The antitumor activity of four investigational natural products (camptothecin, harringtonin, cantharidin and curcumae) obtained from China were tested on human tumor biopsies in an in vitro soft agar clonogenic assay system. Significant antitumor activity was seen with camptothecin against human ovarian cancer and some other adenocarcinomas. Antitumor activity was also observed for harringtonin against adenocarcinoma and sarcoma. Both drugs also appeared to show activity in melanoma and mesothelioma. However, cantharidin and curcumae were relatively ineffective on the human tumors tested. For purposes of comparing the intensity of antitumor effects with standard cytotoxic drugs to those of the four new agents, the ID50 values were calculated. The ratio of ID50S of new drugs to the standard agents doxorubicin, cis-platinum and vinblastine (ID50 of the standard drug/ID50 of tested drug) were 10.2, 64.1 and 1.9 for camptothecin and 1.5, 10.3 and 0.9 for harrington respectively. A relationship was observed between the duration of drug exposure (1 hr prior to plating vs continuous contact in the agar) and inhibition of clonogenic tumor cells for camptothecin, harringtonin and doxorubicin.

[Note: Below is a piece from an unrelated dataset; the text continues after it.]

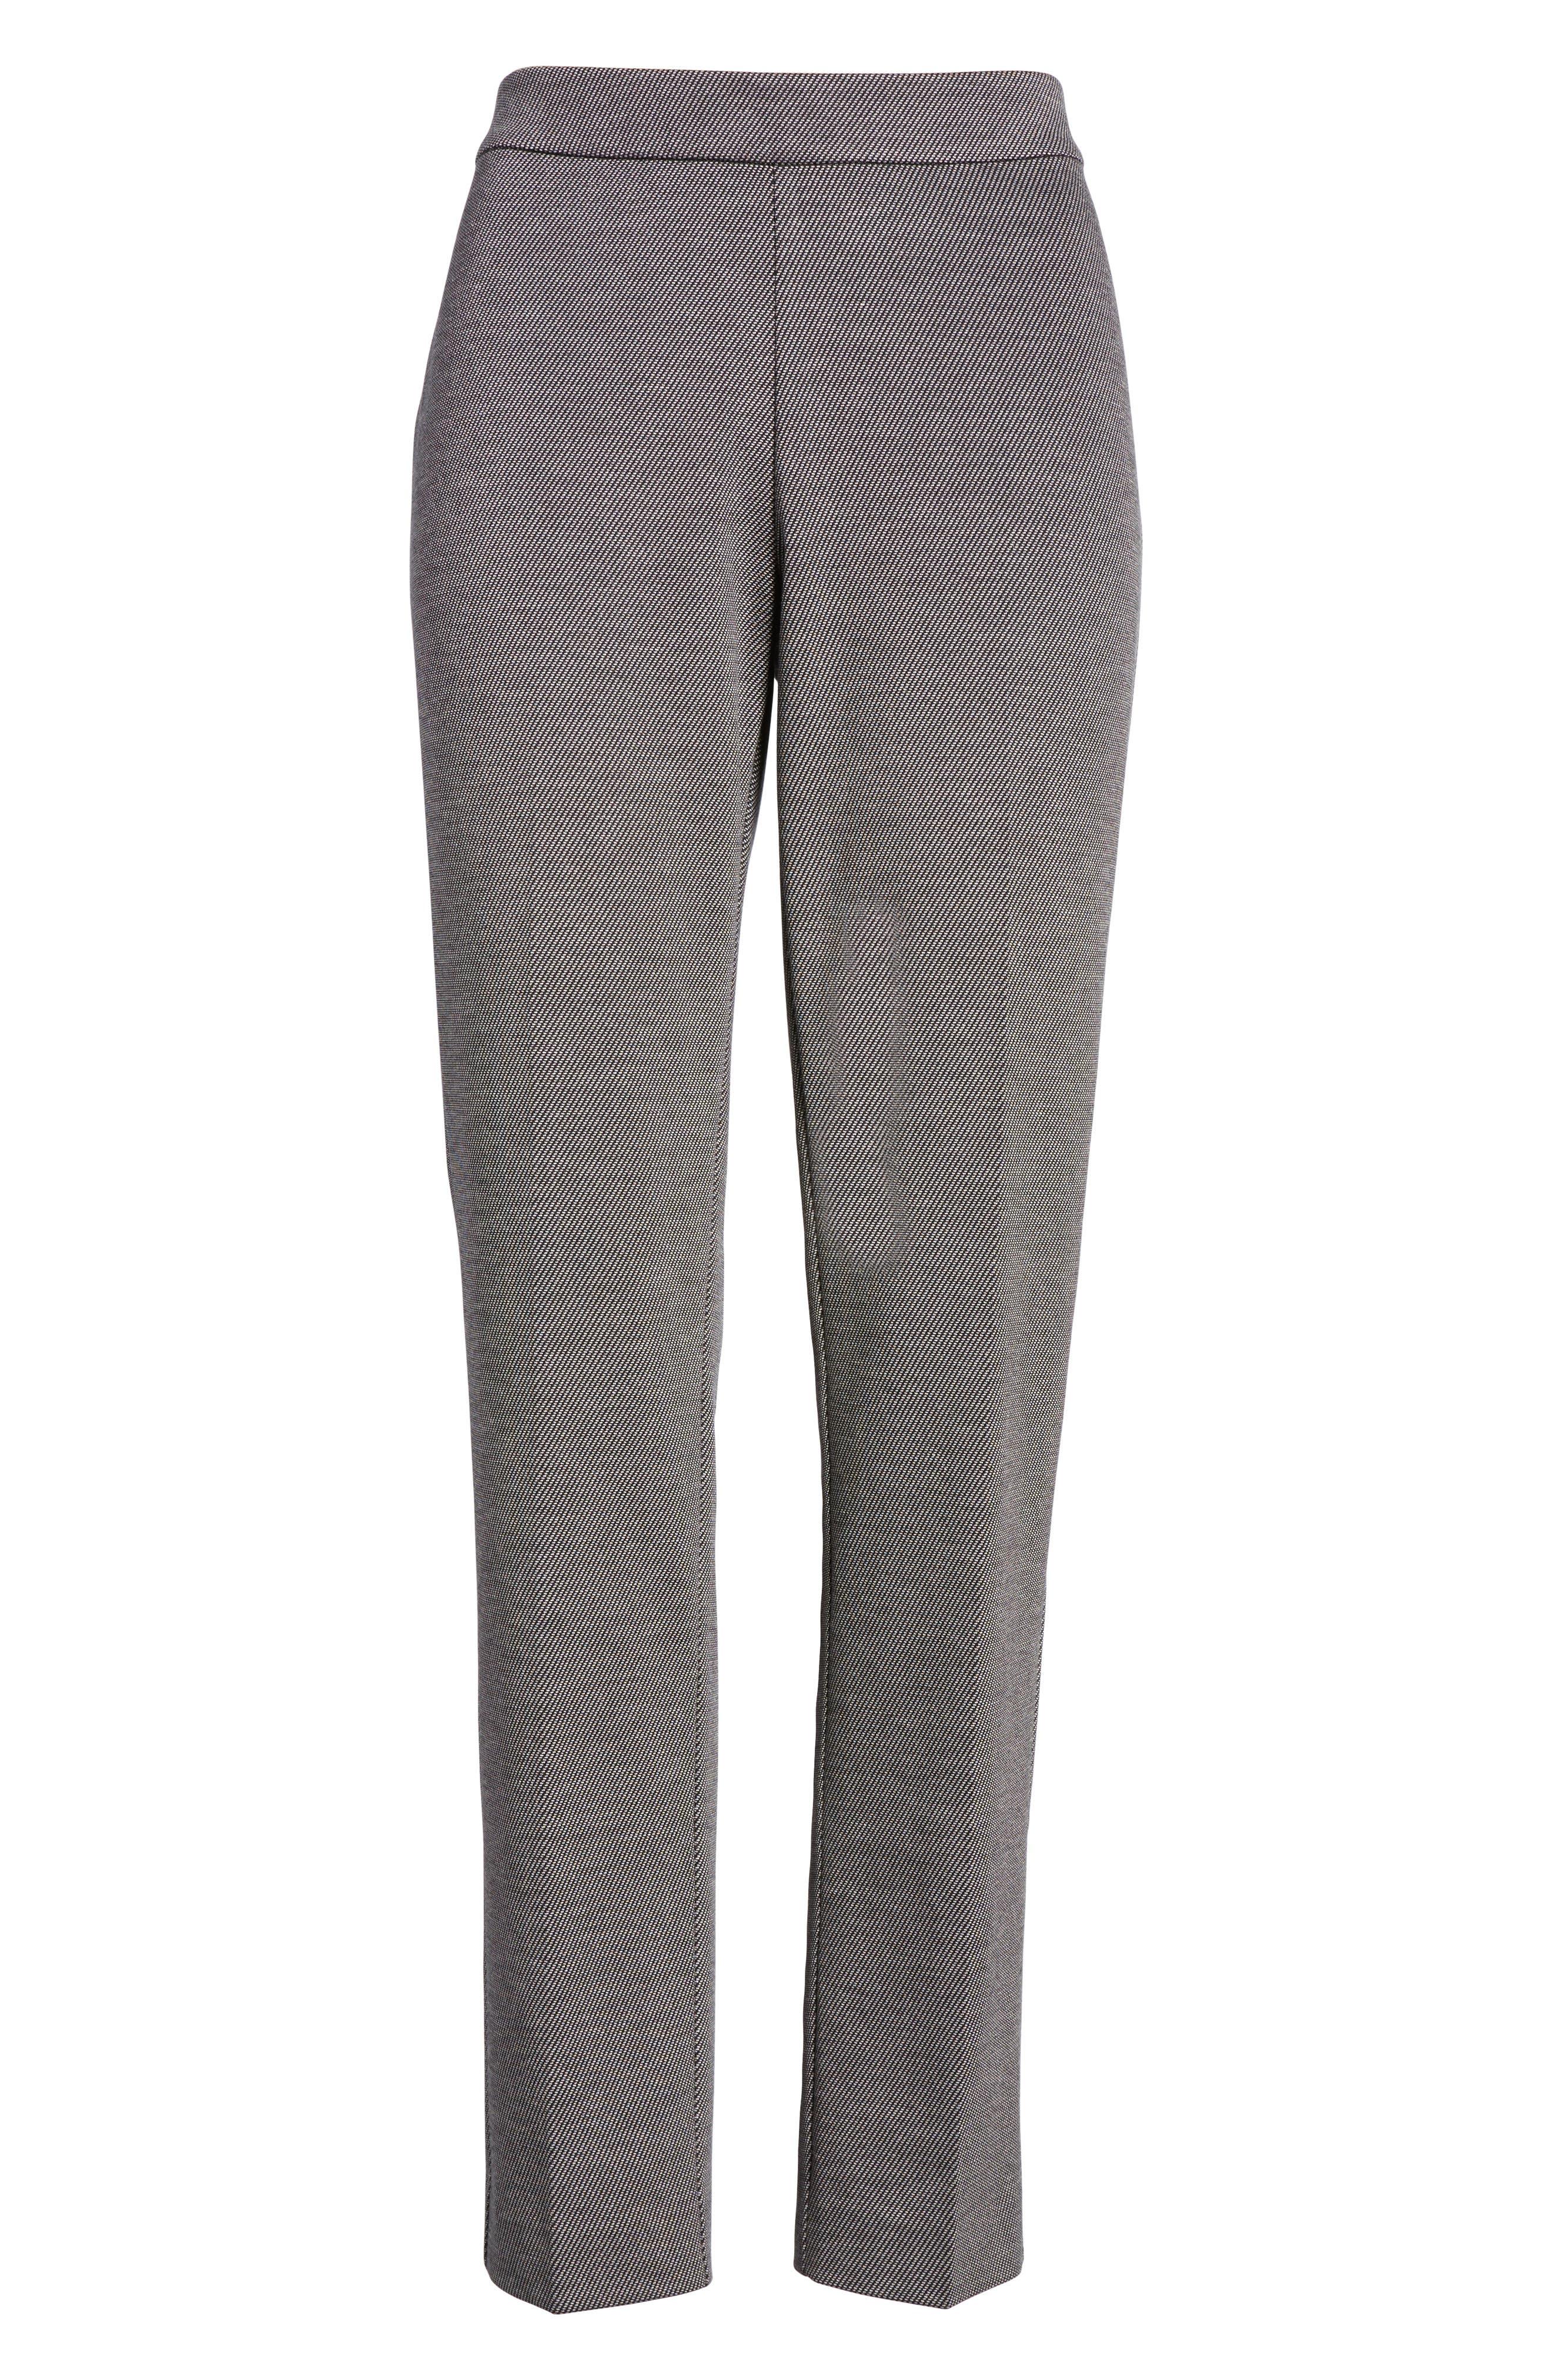 Slim Twill Ponte Knit Pants,                             Alternate thumbnail 6, color,                             020
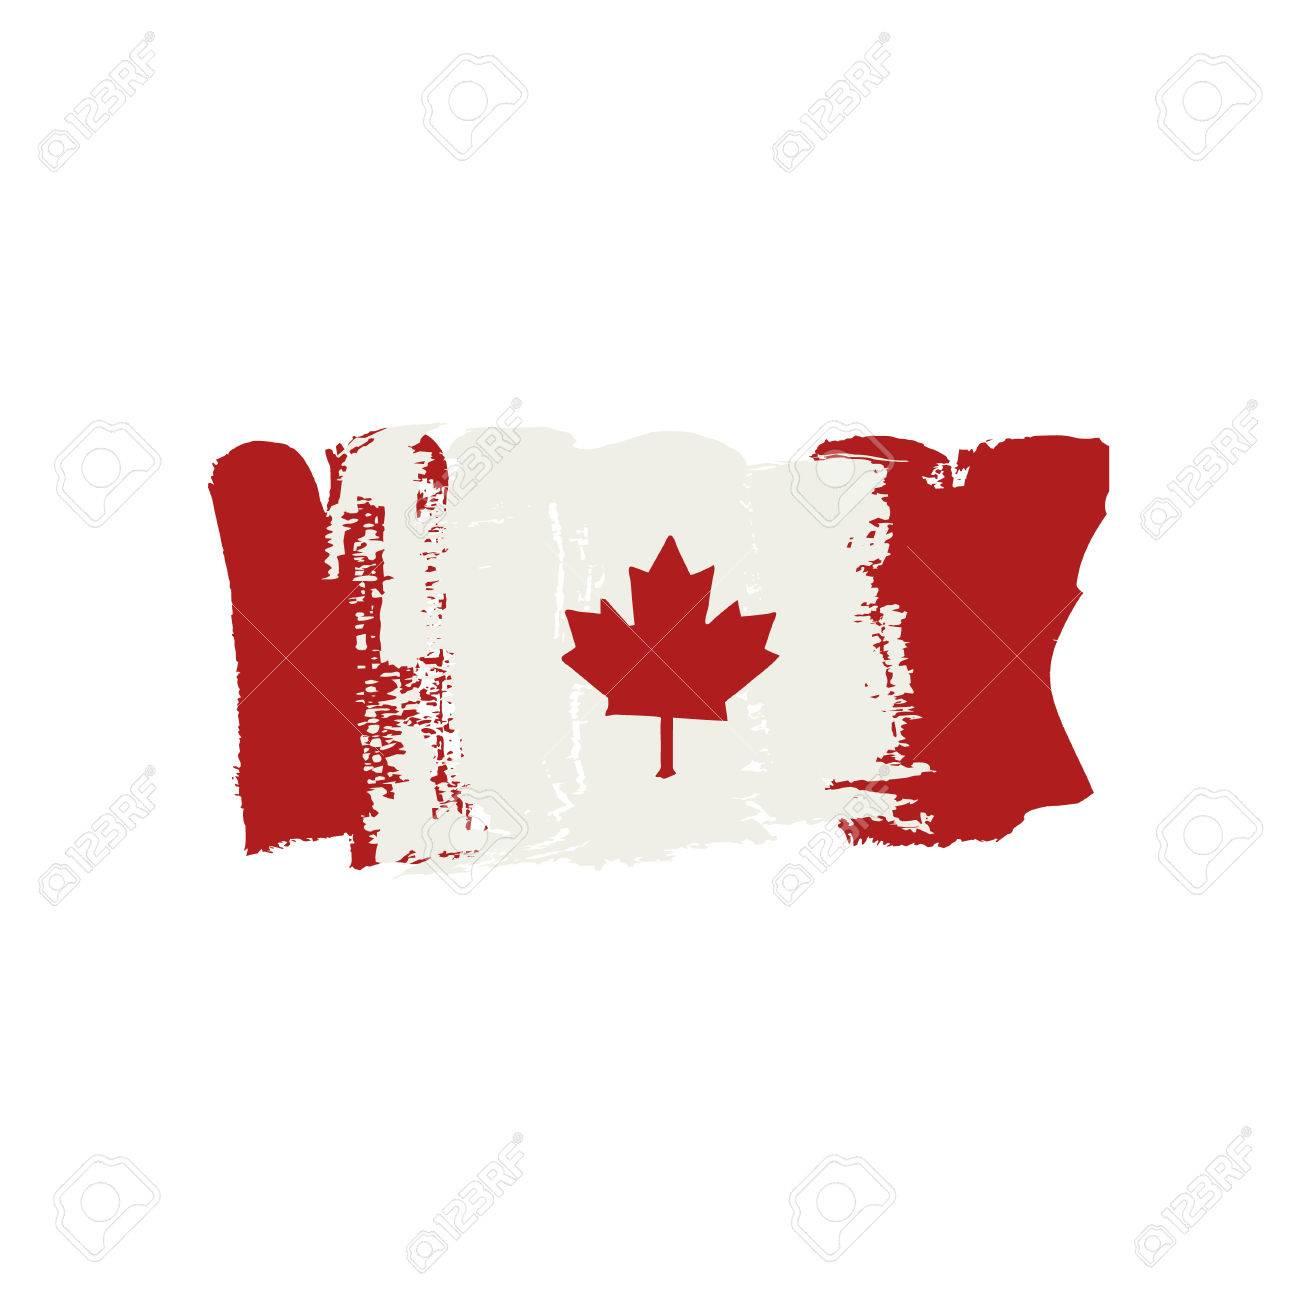 Indicador De Canadá Pintado Por Pinturas Cepillo De Mano. Bandera ...

对从中国获取的四种研究用天然产物(喜树碱、三尖杉酯碱、斑蝥素和莪术)进行了体外软琼脂克隆形成试验系统的人体肿瘤活检抗肿瘤活性测试。喜树碱对人卵巢癌和其他一些腺癌显示出显著的抗肿瘤活性。三尖杉酯碱对腺癌和肉瘤也观察到了抗肿瘤活性。这两种药物在黑色素瘤和间皮瘤中似乎也表现出活性。然而,斑蝥素和莪术对所测试的人体肿瘤相对无效。为了将这四种新药与标准细胞毒性药物的抗肿瘤作用强度进行比较,计算了ID50值。喜树碱与标准药物阿霉素、顺铂和长春碱的ID50比值(标准药物的ID50/受试药物的ID50)分别为10.2、64.1和1.9,三尖杉酯碱分别为1.5、10.3和0.9。观察到喜树碱、三尖杉酯碱和阿霉素的药物暴露持续时间(接种前1小时与琼脂中的持续接触)与克隆形成肿瘤细胞的抑制之间存在关系。